- Task details
When you copy the data, keep every line exactly as written and skip the pictures.

- Dataset excerpt
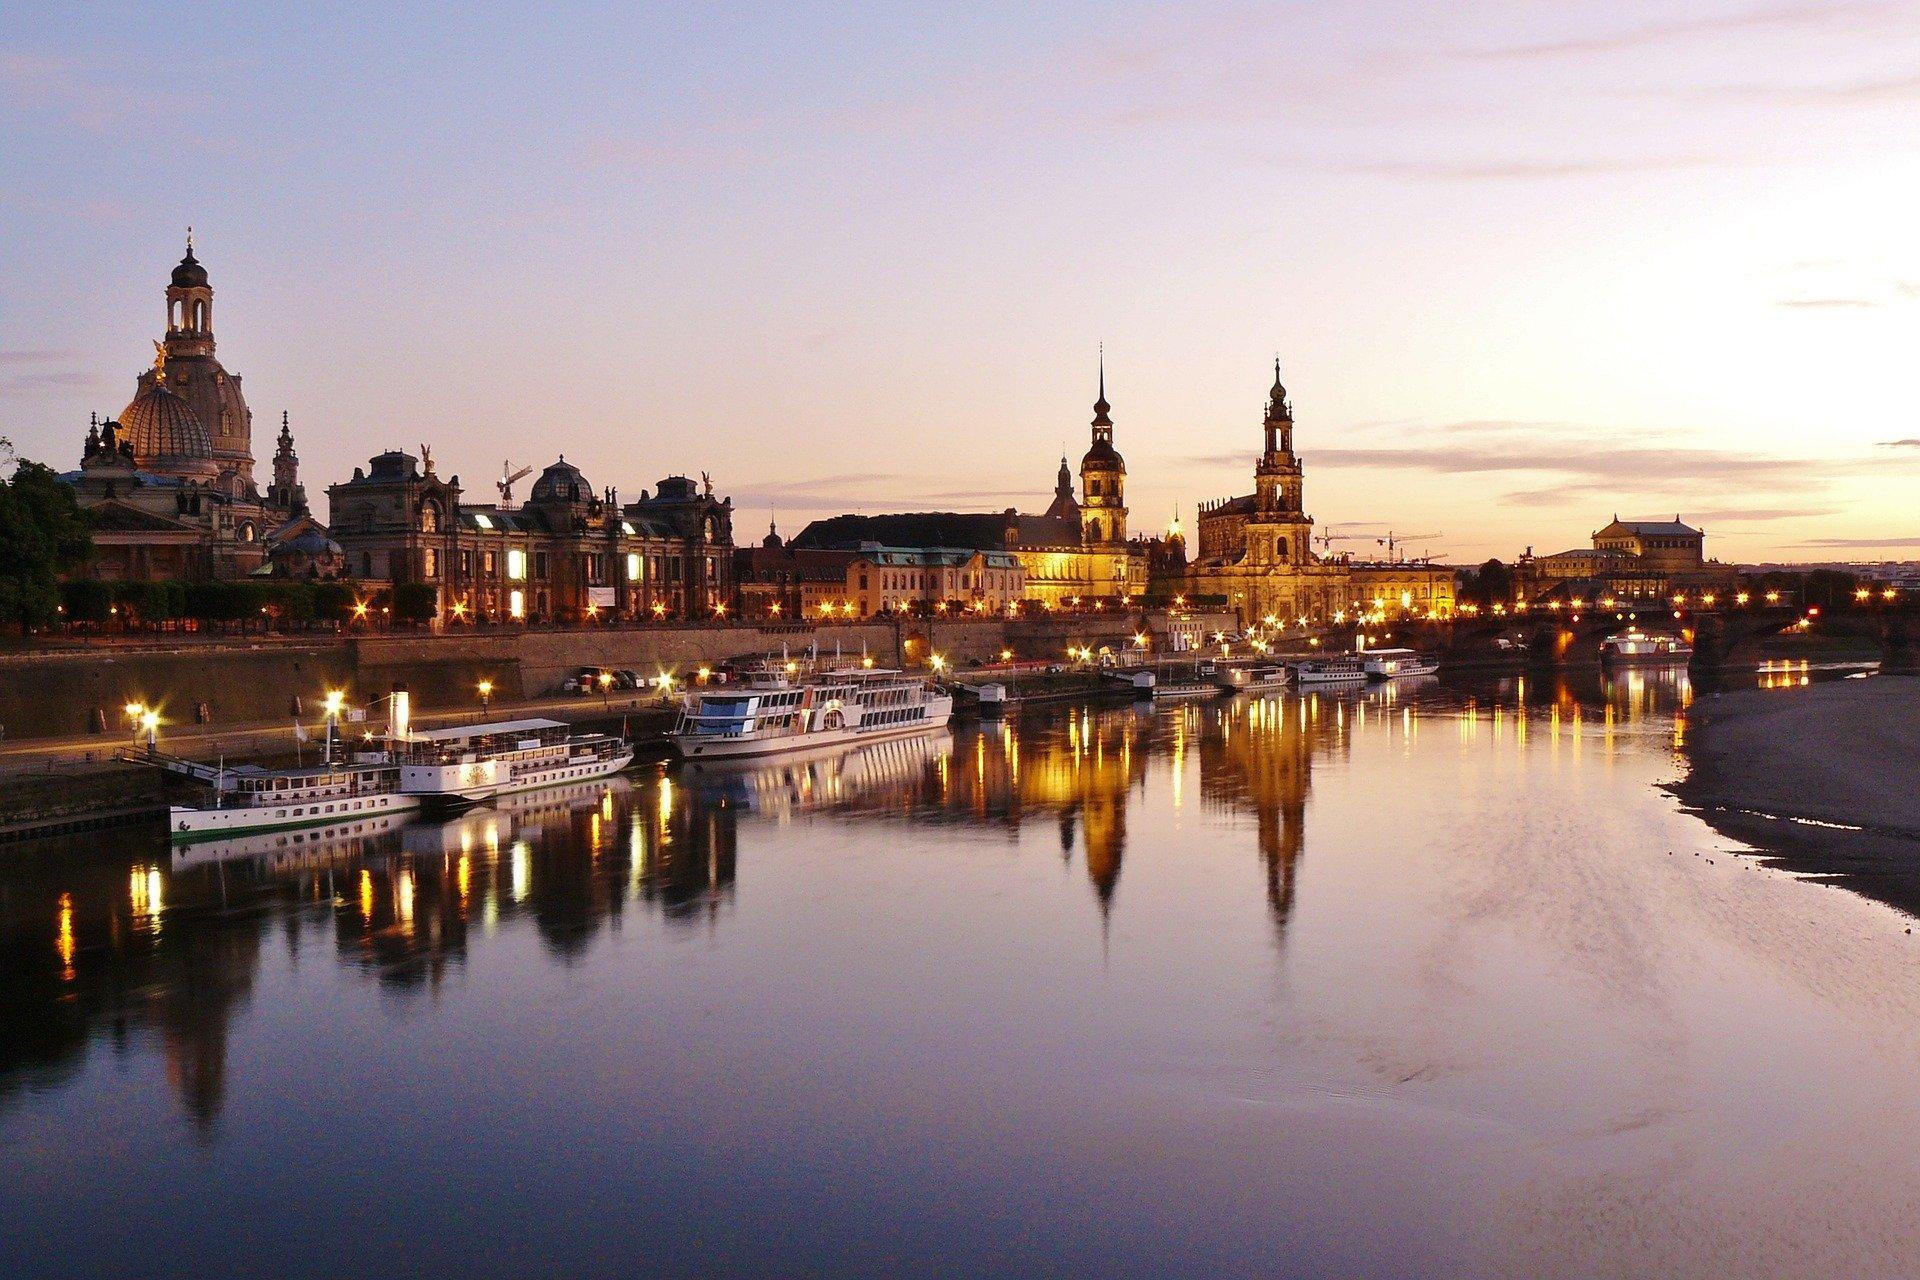 Bild von Dresden bei Abenddämmerung
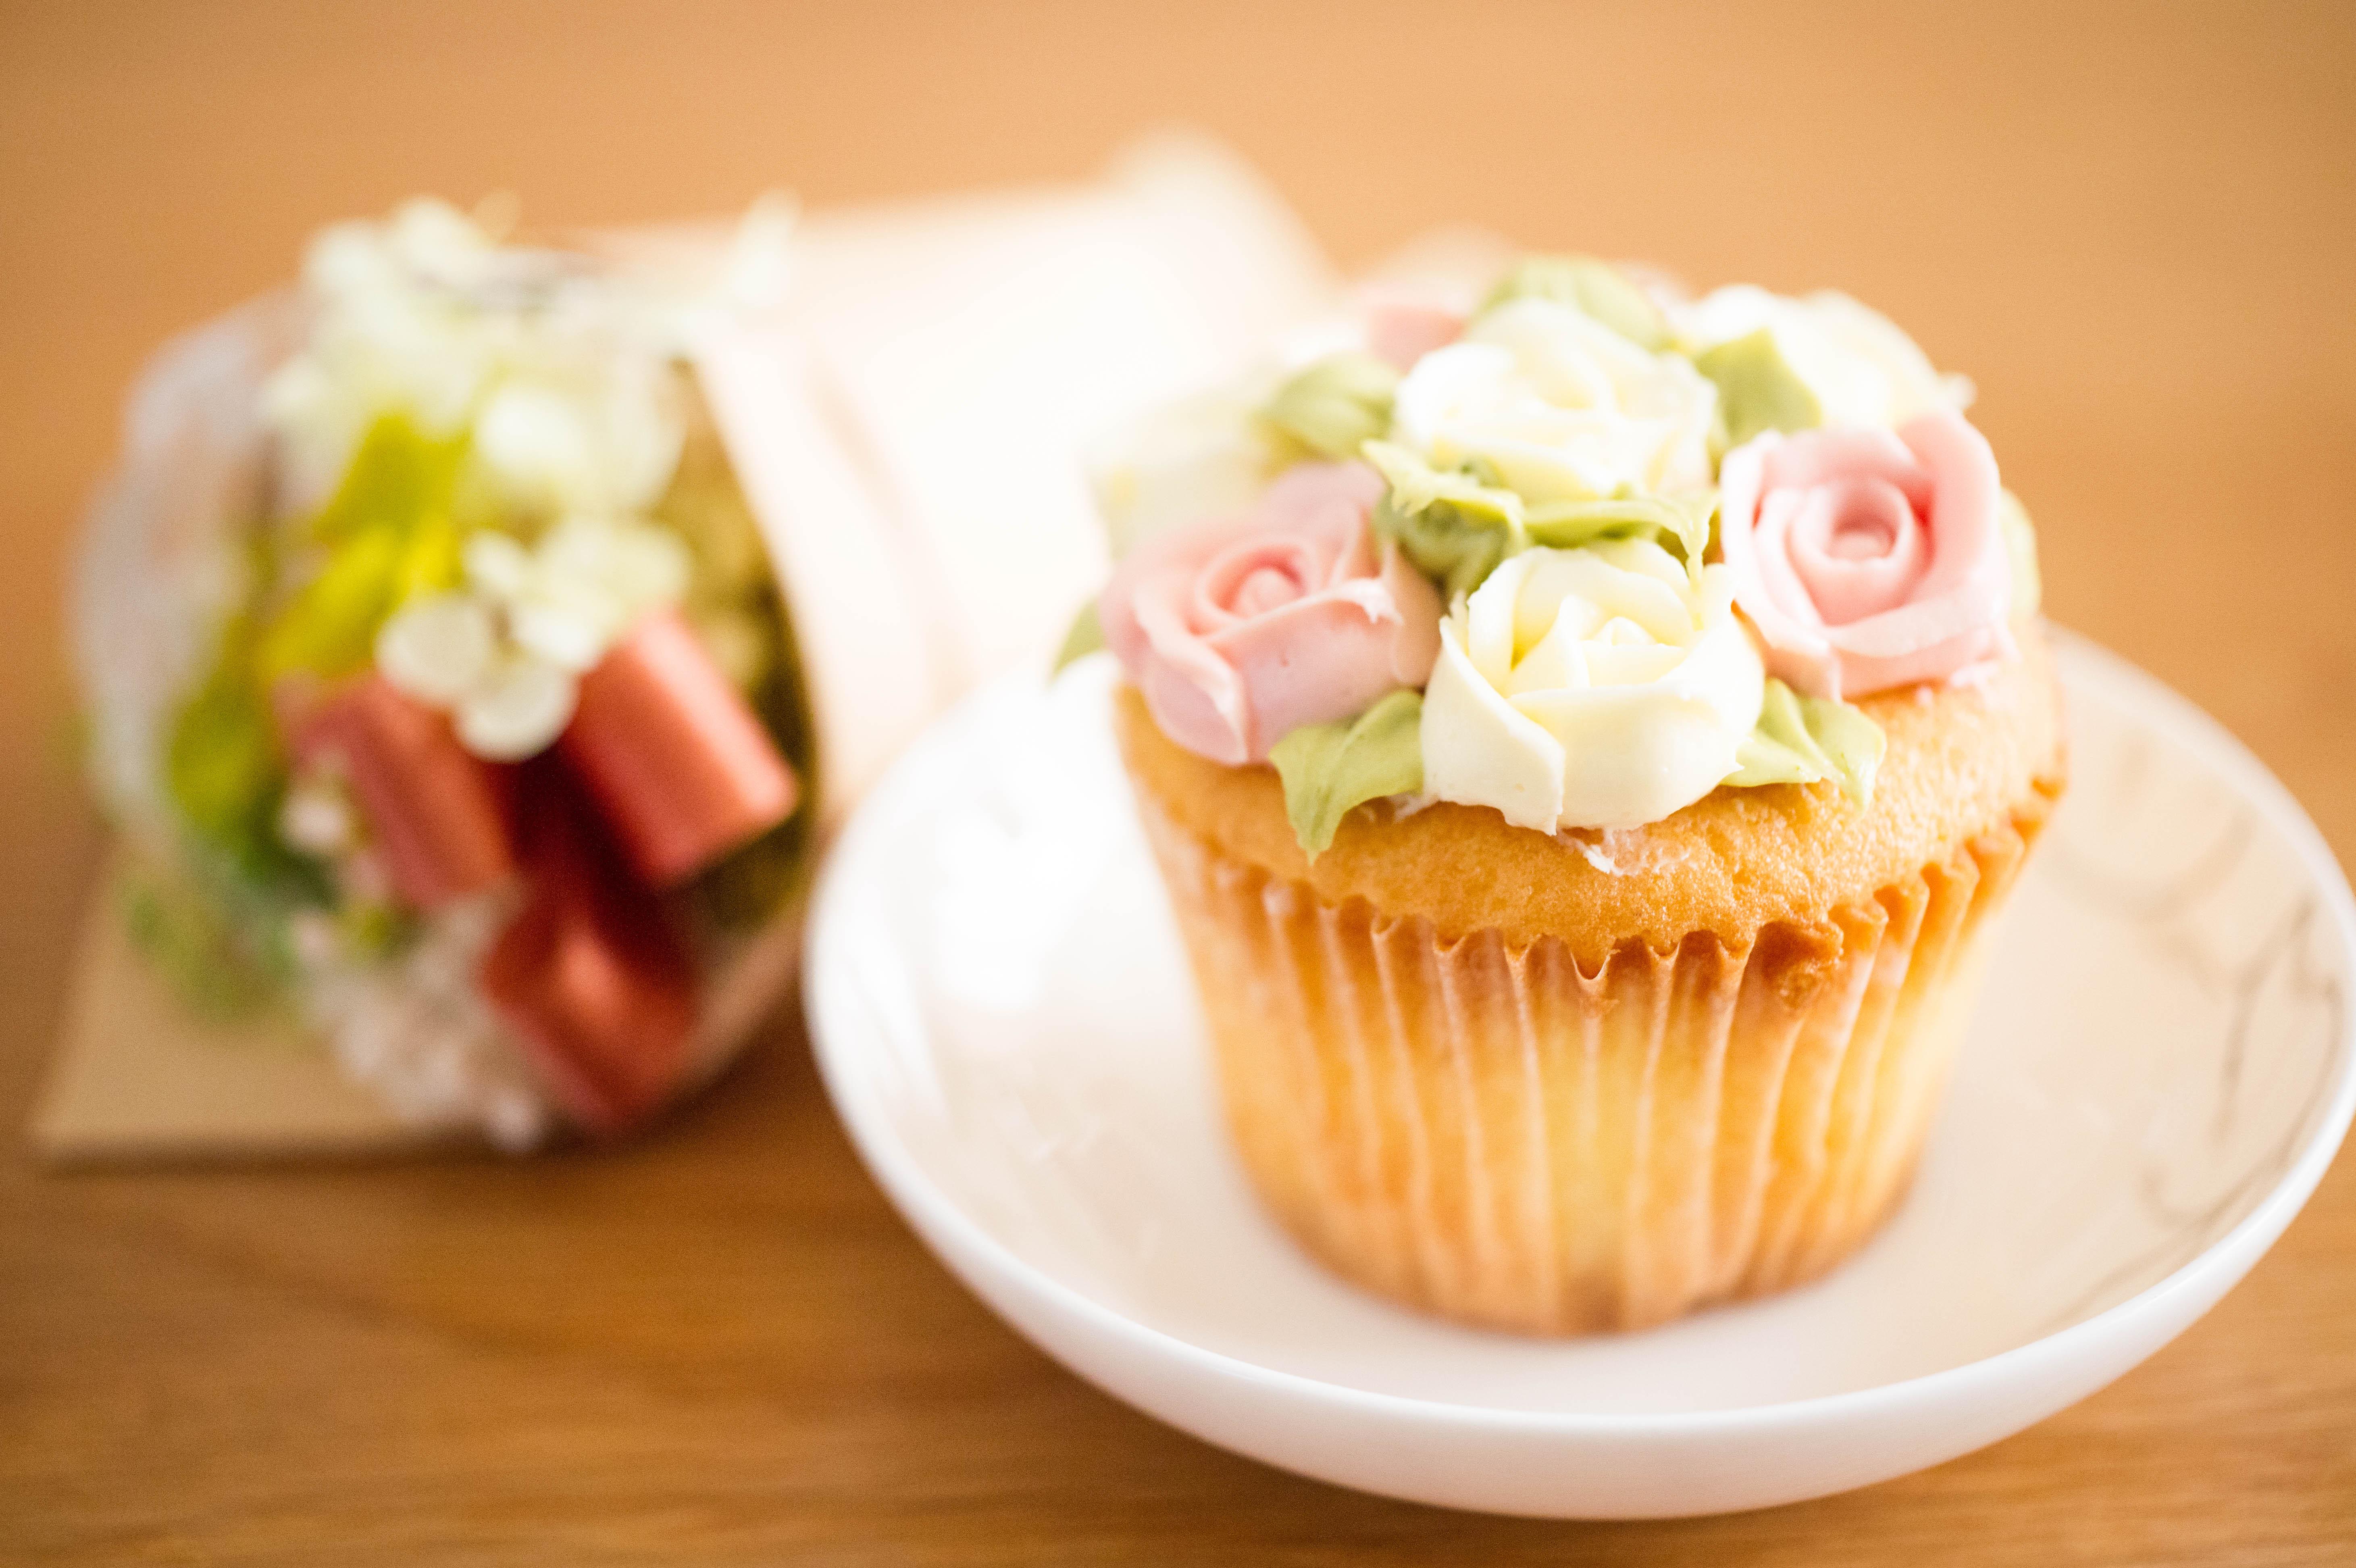 卅十米手作烘焙坊❤婚禮小物❤玫瑰朵朵杯子蛋糕❤10盒(60入)特價$2880❤使用香草磅蛋糕為基底,擠上天然的奶油乳酪糖霜餡料(使用天然的食物萃取粉末),美麗獨特的玫瑰花造型,絕對讓賓客感受到新人的用心喔!
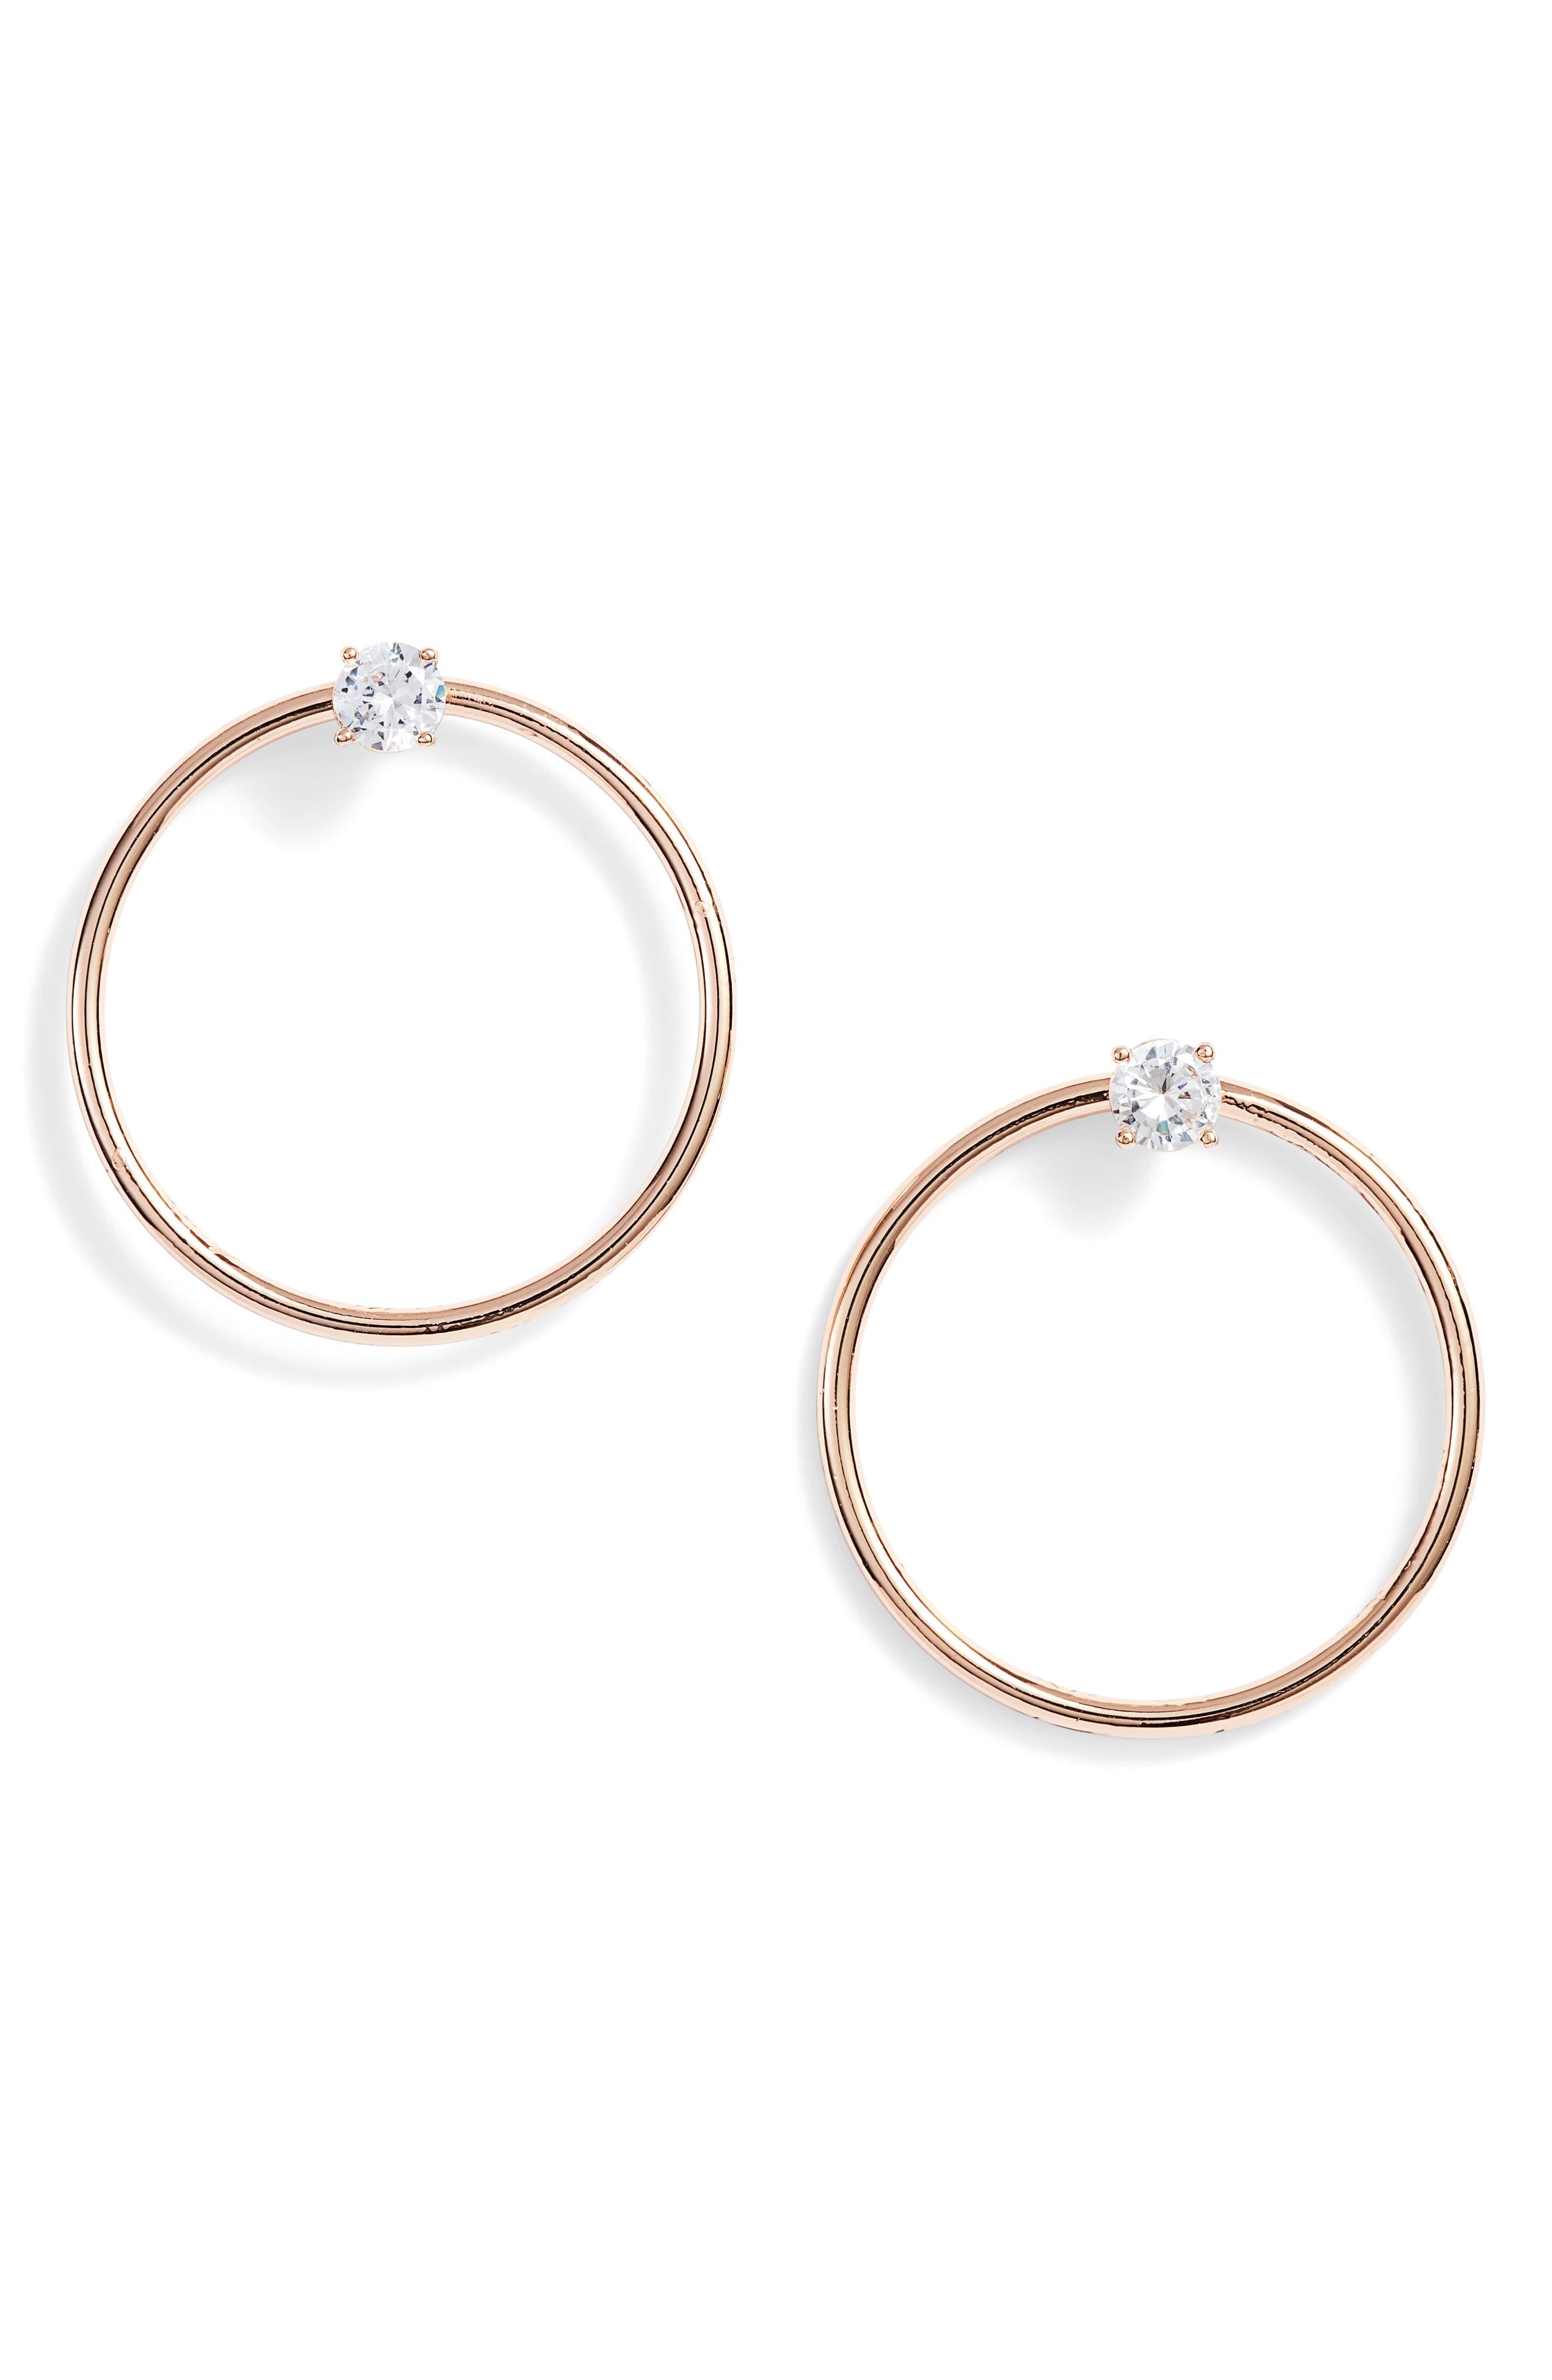 Crystal Stud Hoop Earrings,                             Main thumbnail 2, color,

- Written solution
 Bild von Dresden bei Abenddämmerung
 卅十米手作烘焙坊❤婚禮小物❤玫瑰朵朵杯子蛋糕❤10盒(60入)特價$2880❤使用香草磅蛋糕為基底,擠上天然的奶油乳酪糖霜餡料(使用天然的食物萃取粉末),美麗獨特的玫瑰花造型,絕對讓賓客感受到新人的用心喔!
 Crystal Stud Hoop Earrings,                             Main thumbnail 2, color,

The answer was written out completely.